Since learning that his daughter’s new boyfriend loved his music growing up, Eminem has been worried sick about her.
Since learning that his daughter’s new boyfriend loved his music growing up, Eminem has been worried sick about her.

ROCHESTER, MI—Hip-hop artist Marshall Mathers, a.k.a. Eminem, said he was left wholly terrified today after meeting his daughter Hailie’s new boyfriend Justin Denham, an 18-year-old who was reportedly raised on the rapper’s music.

Saying he could barely fathom the thought of Hailie, 17, with a man who ever enjoyed listening to, or was inspired by, his often misogynistic and violent lyrics, Eminem, 40, claimed he was disturbed from the second Denham said he was “a huge fan” of all of the rapper’s seven albums.

“Justin said I was his favorite artist when he was growing up, and now he wants to go out with my little girl,” said Eminem, telling reporters he didn’t even want to imagine what Denham’s views on relationships could possibly entail given his self-professed love of albums that include songs about mutilating women. “Honestly, I don’t really know what I’m supposed to do here. How am I supposed to let Hailie go out with a guy who says I was a huge influence on him and all of his friends?”

“I mean, this guy’s probably listened to my song ‘Kim,’” Eminem continued. “I rapped about cutting my wife’s throat and then driving around with her in my trunk in that song.

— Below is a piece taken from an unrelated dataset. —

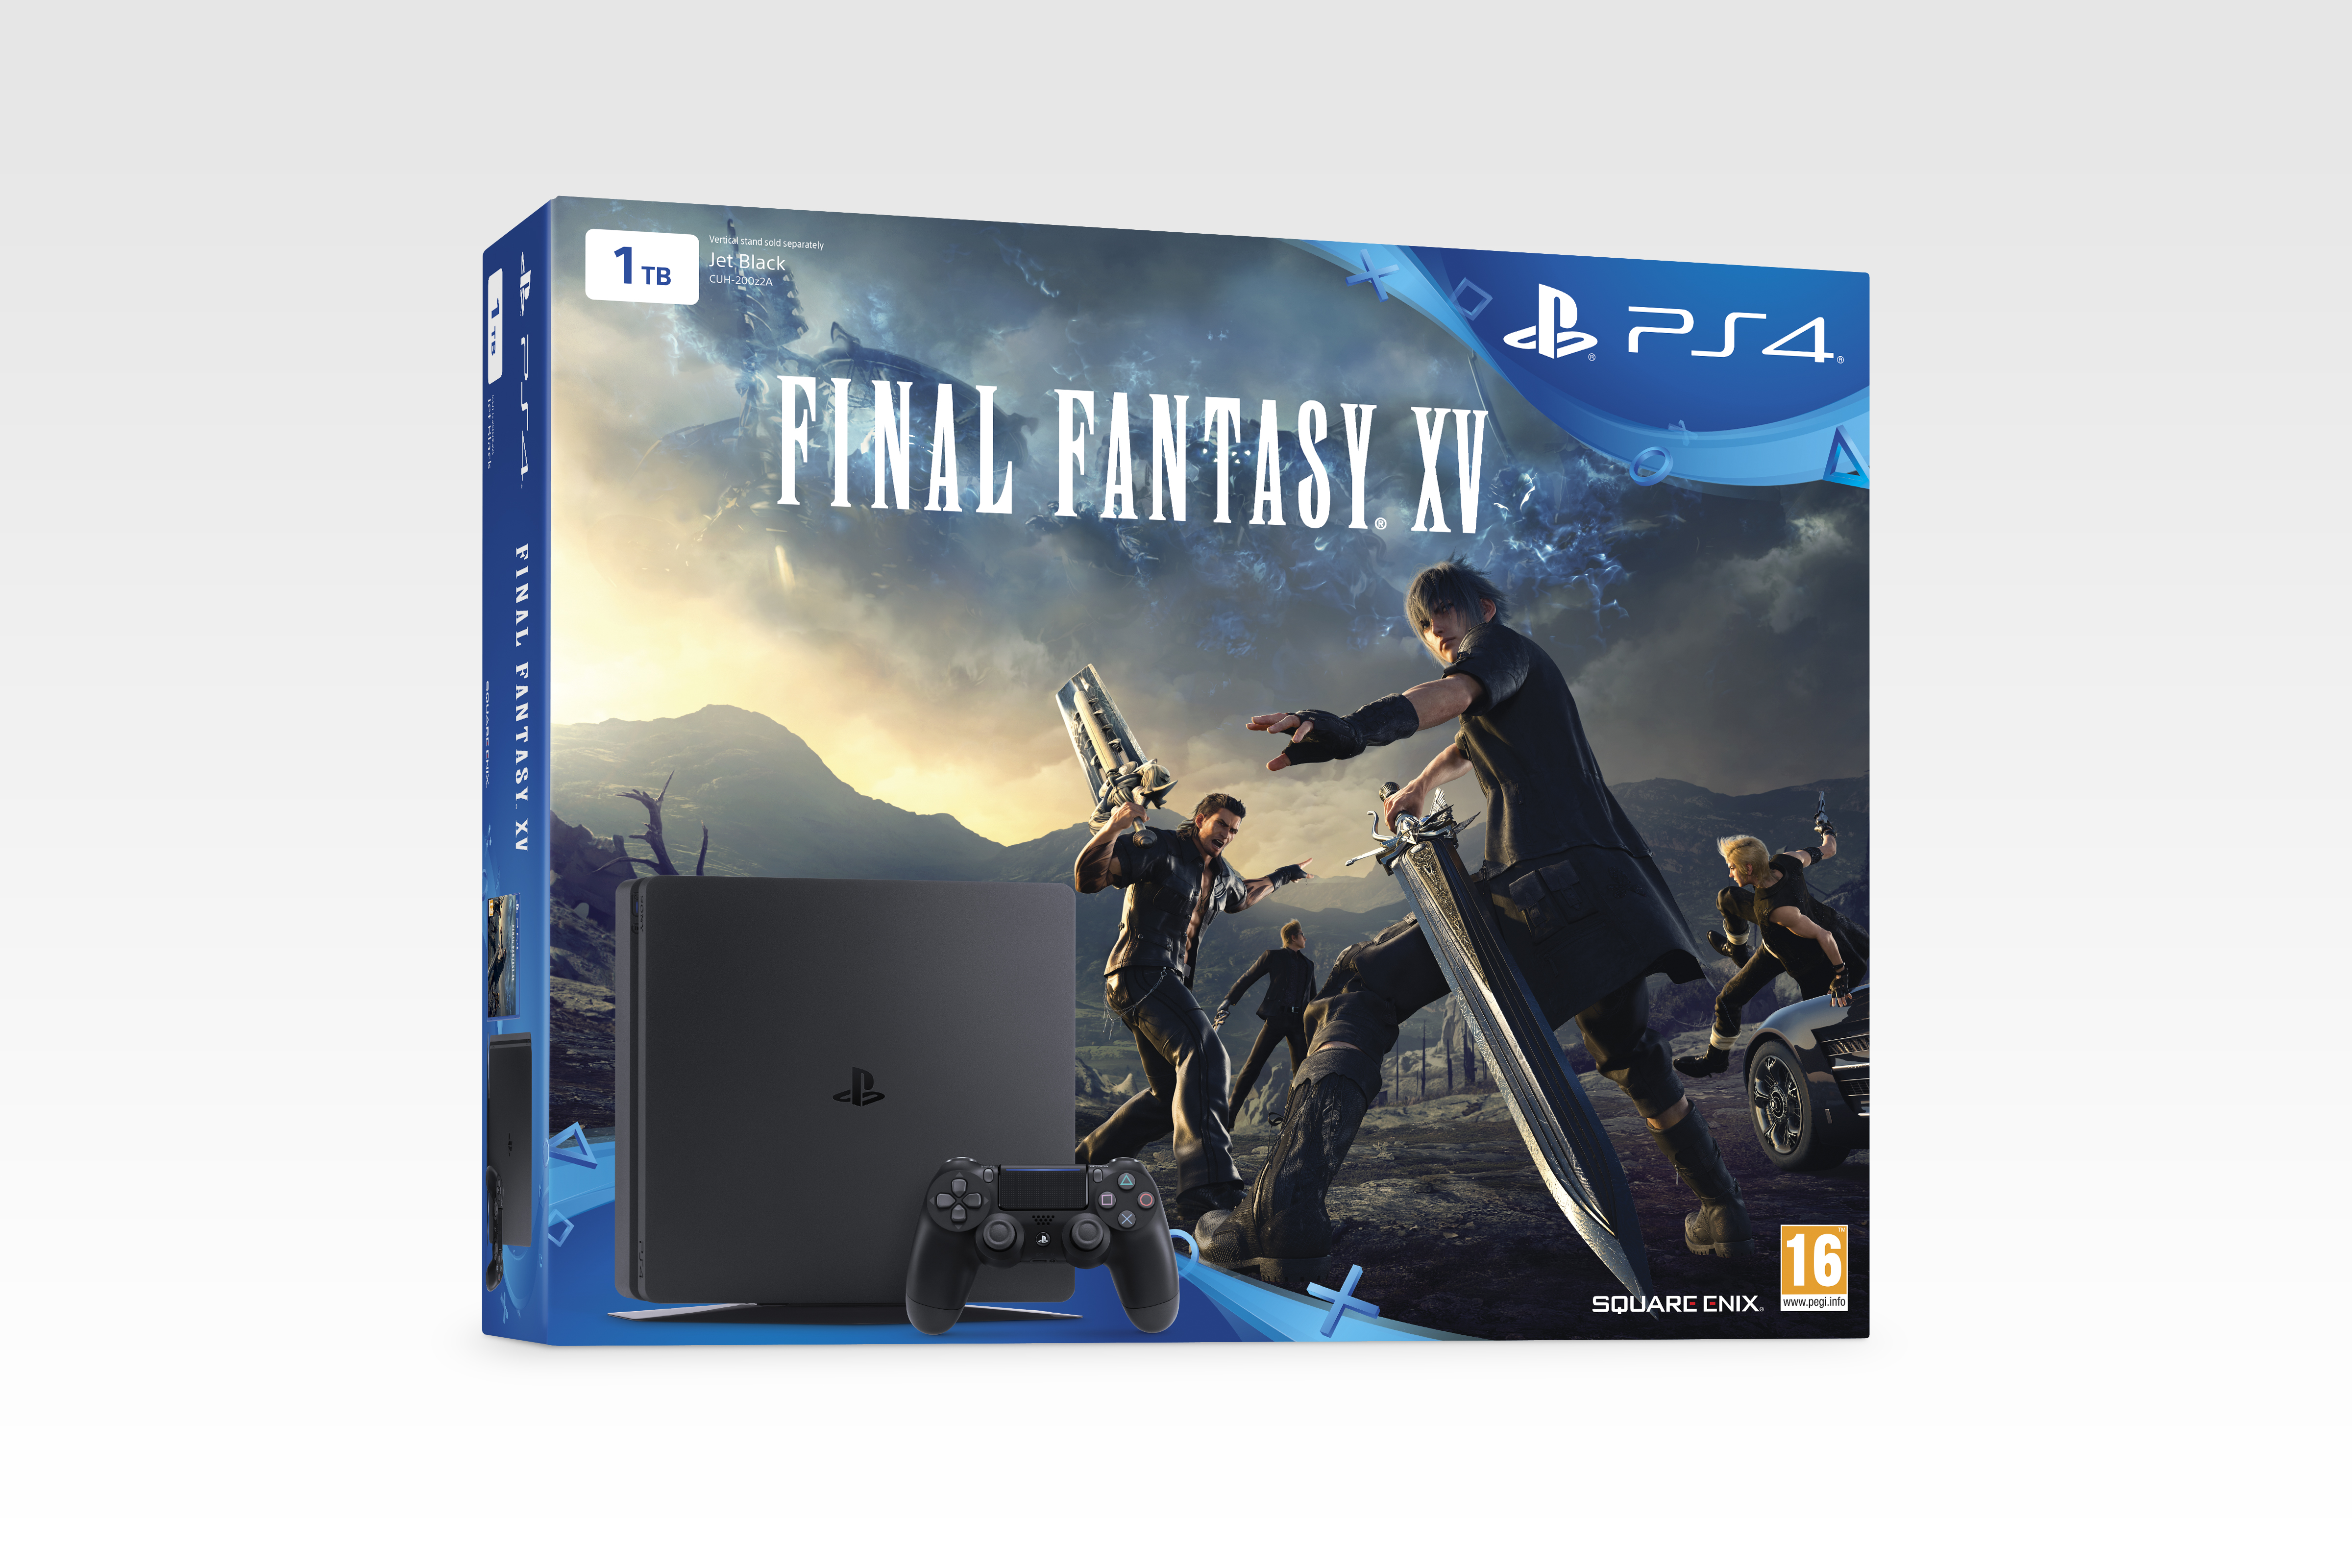 Limited Edition Final Fantasy XV PS4 available this November

Jesus.”

Citing lyrics where he discussed raping a woman with an umbrella to “make her pussy wider,” the visibly shaken multi-platinum artist said he can’t imagine sitting by while his oldest daughter spends time alone with a man whose worldview could have been even slightly influenced by any of his songs.

Eminem added that while Hailie has repeatedly claimed Justin is a “good guy who treats her well,” he seriously doubts anyone who likes the song “Kill You,” where he brutally describes killing a woman and hiding her in a closet, could ever be a decent person.

“His favorite song is ‘Superman’—a track where I said I was going to put anthrax on a girl’s tampon and slap her until she can’t stand,” said Eminem, adding he could only imagine the types of drugs and alcohol songs like “Purple Pills” and “Crack A Bottle” had led him to do. “He better not think he can get away with all this stuff with Hailie. Or maybe he does. I mean, this is a guy who was listening to me rap about beating women ever since he was just a kid.”

“And his parents let him listen to it?” Eminem continued. “What kind of house was that? I don’t even want to think about what kind of people they are.”

Eminem went on to say he was even further dismayed when Denham said he also grew up listening to artists such as Dr. Dre, Snoop Dogg, and Ludacris, and told reporters he could only imagine the sorts of relationship lessons he pulled out of music like “Bitches Ain’t Shit” and “Move Bitch.”

“At this point, I suppose it would be ideal for Hailie to date someone who never listened to any one of my songs, ever,” said Eminem. “Why can’t she find someone who listened to music that wasn’t about having sex with prostitutes and then painting a room red with their blood?”

“Jesus,” Eminem added, “I have to go find my daughter right now.”